As the nation works to mitigate the public health crisis introduced by COVID-19, we have a critical responsibility to ensure a fast and coordinated response to address the growing mental health crisis exacerbated by the pandemic. The data collected from users visiting MHA Screening (at www.mhascreening.org) in 2020 is the largest dataset collected from a help-seeking population experiencing mental health conditions during COVID-19.
In May 2021, MHA published our brief, Suicide and COVID-19: Communities in Need Across the US, evaluating data from individuals reporting frequent thoughts of suicide or self-harm on the depression screen (PHQ-9). This brief, Severe Depression and COVID-19: Communities in Need Across the US, is the second in our series, and explores the data collected from 233,397 individuals who took a depression screen (PHQ-9) in the United States in 2020 and scored with symptoms of severe depression, to identify states and counties in the U.S. with the greatest need for resources for a timely and effective response.

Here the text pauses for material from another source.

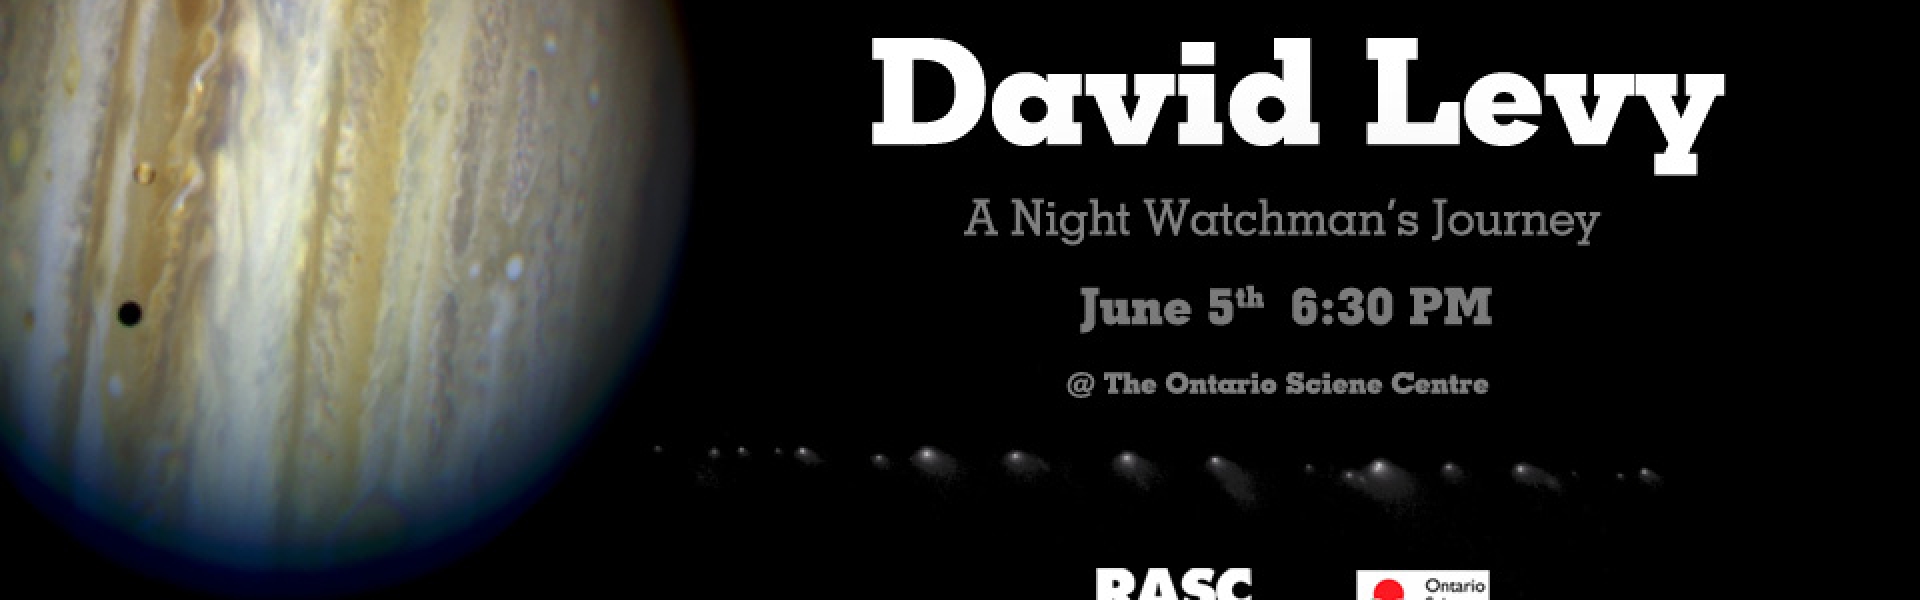 David Levy @ The Ontario Science Centre June 5, 6:30 pm

Depression is a risk factor for suicide, but suicidal ideation and severe depression are distinct mental health challenges, and they can each be experienced independently. While there is overlap between the communities in greatest need of resources to address severe depression and suicidal ideation, there are also key differences, which are presented throughout this brief.
This report also includes recommendations for federal, state, and local strategies to better support individuals at risk of severe depression, using the MHA Screening data.